This year, the U.S. News Best Jobs of 2014 rankings featured many health care jobs, as the industry anticipates growth in top-tier, tech support, home health and preventative wellness positions. With more Americans aging, preventative, maintenance and emergency demands are increasing steadily. After the passage of the Affordable Care Act in 2010 and its enactment last year, more Americans are insured and able to afford maintenance and emergency care. According to the Bureau of Labor Statistics, employment is destined to grow most in home health, support and tech positions.

[See: The 25 Best Jobs of 2014.]

Three trends are recurring this year: An increasing demand for home health care options for aging adults, a need for tech staff to assist top-tier employees and a focus on preventative and wellness care.

Home Health Deborah Rowe is the senior director of Genesis HealthCare, a nursing and rehabilitation therapy provider, and past president of the National Association for Health Care Recruitment. According to her, home health aides and personal care aides are going to be crucial. "There is going to be a lot more community care that is going to be needed as we move forward," she says. By 2022, the BLS reports home health aides and personal care aides will bring the most positions to health care, adding more than 1 million jobs overall. Rowe says there are more than 6 million Americans age 85 years old and older, and there will be 21 million by 2050. "There is an increasing demand as [senior citizens] are getting older and managing their chronic diseases and living with them," she says. Home health aides and personal care aides, who work in homes and assisted living facilities, will diversify their experiences outside of hospitals. "As people are aging, it takes that level of care to help people reside in their homes, whether they need transportation to their medical appointments or someone ... to go shopping for them," Rowe says.

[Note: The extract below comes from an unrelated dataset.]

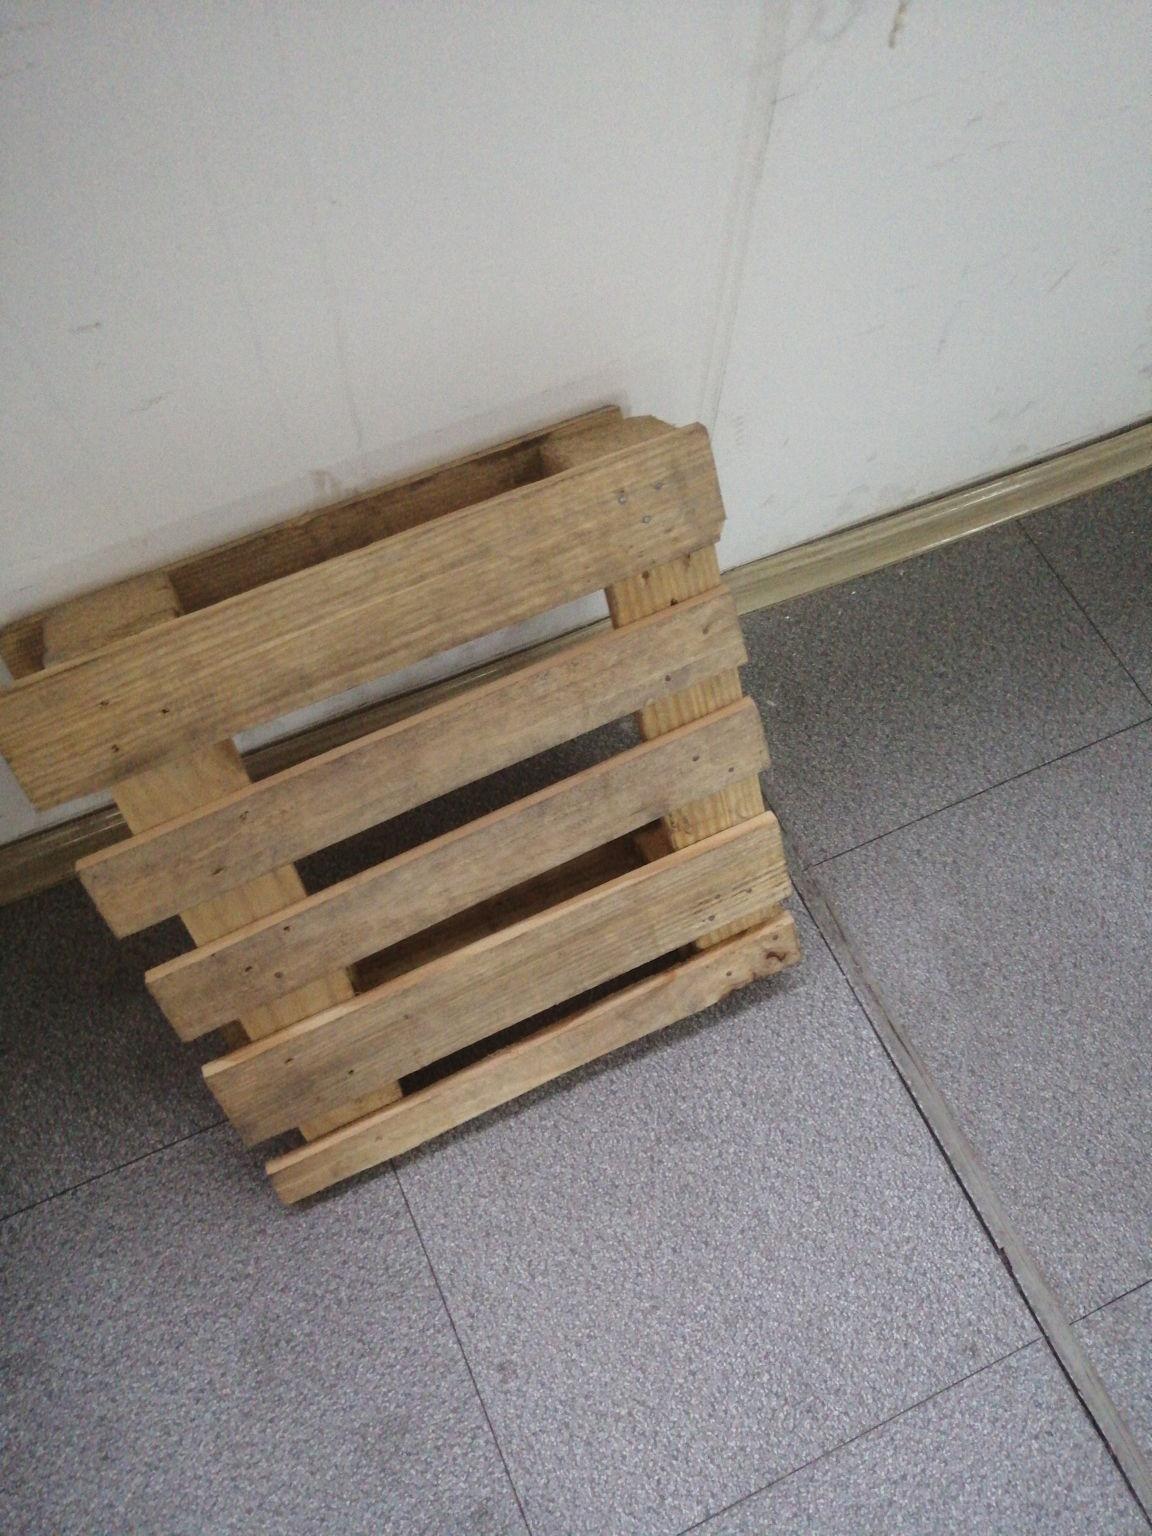 杭州订做标准木托盘供应商在湖?,➴ℛ?十堰、临沂等地

Support and TechThe changes in demand and reform are reflected in recruitment practices. Bonnie Gutierrez, director of the medical staff department at Parker Adventist Hospital and secretary-treasurer for the National Association of Medical Services, says: "In health care we used to see recruiters, and advertising would be focused on clinical positions. Now there's much more of an effort to find the right people in support areas." These areas include medical staff services and technologists. Gutierrez calls support individuals like nurse practitioners "physician extenders," because they perform some of the services a doctor can provide and result in more patients being seen. There will be the greatest demand for registered nurses; according to the BLS, RNs are expected to fill 526,800 jobs by 2022. There's also considerable demand for licensed practical and licensed vocational nurses, medical assistants, phlebotomists, respiratory therapists, surgical technologists, medical secretaries, paramedics and nursing aides. More technical positions that require specialized school programs and certifications include clinical laboratory technicians, diagnostic medical sonographers, radiologic technicians and veterinary technologists and technicians. With more top-tier and support staff utilizing technical equipment, in the event of malfunctions and breakdowns, medical equipment repairers on staff will add 12,800 positions by 2022.

[Read: The Best Questions to Ask During a Job Interview.]

Top-Tier ProfessionalsThere will be a steady increase in jobs for dentists, but greater opportunity for dental hygienists and dental assistants. According to the BLS, as more studies link oral health to overall health, more dental hygienists and dental assistants will be needed to provide preventative oral care, while dentists will be needed to perform more detailed procedures, like root canals. Physicians, pharmacists and veterinarians will see similar trends. Physician positions are expected to increase by 123,300 jobs, and physician assistants are also expected to see more job opportunities. According to the BLS, pharmacists are still needed to facilitate patient services like flu shots and blood tests, but their hiring demand is surpassed by pharmacy techs, who assist in filling prescriptions and will see 70,7000 new positions by 2022. Veterinary care will grow, with 22,000 new veterinarians to perform specialized tasks, and 25,000 new veterinary technologists to render general care and conduct lab work.

[See: The Best Health Care Jobs.]

Health and Wellness Those who keep our minds and bodies in optimal condition will see increases in demand, as health care reform has made preventative and wellness care more accessible. According to the BLS, there will be 73,500 news physical therapist positions, while occupational therapists will garner 32,800, with demand driven by aging but active baby boomers. The aging population also contributes to the growth of services from estheticians and massage therapists.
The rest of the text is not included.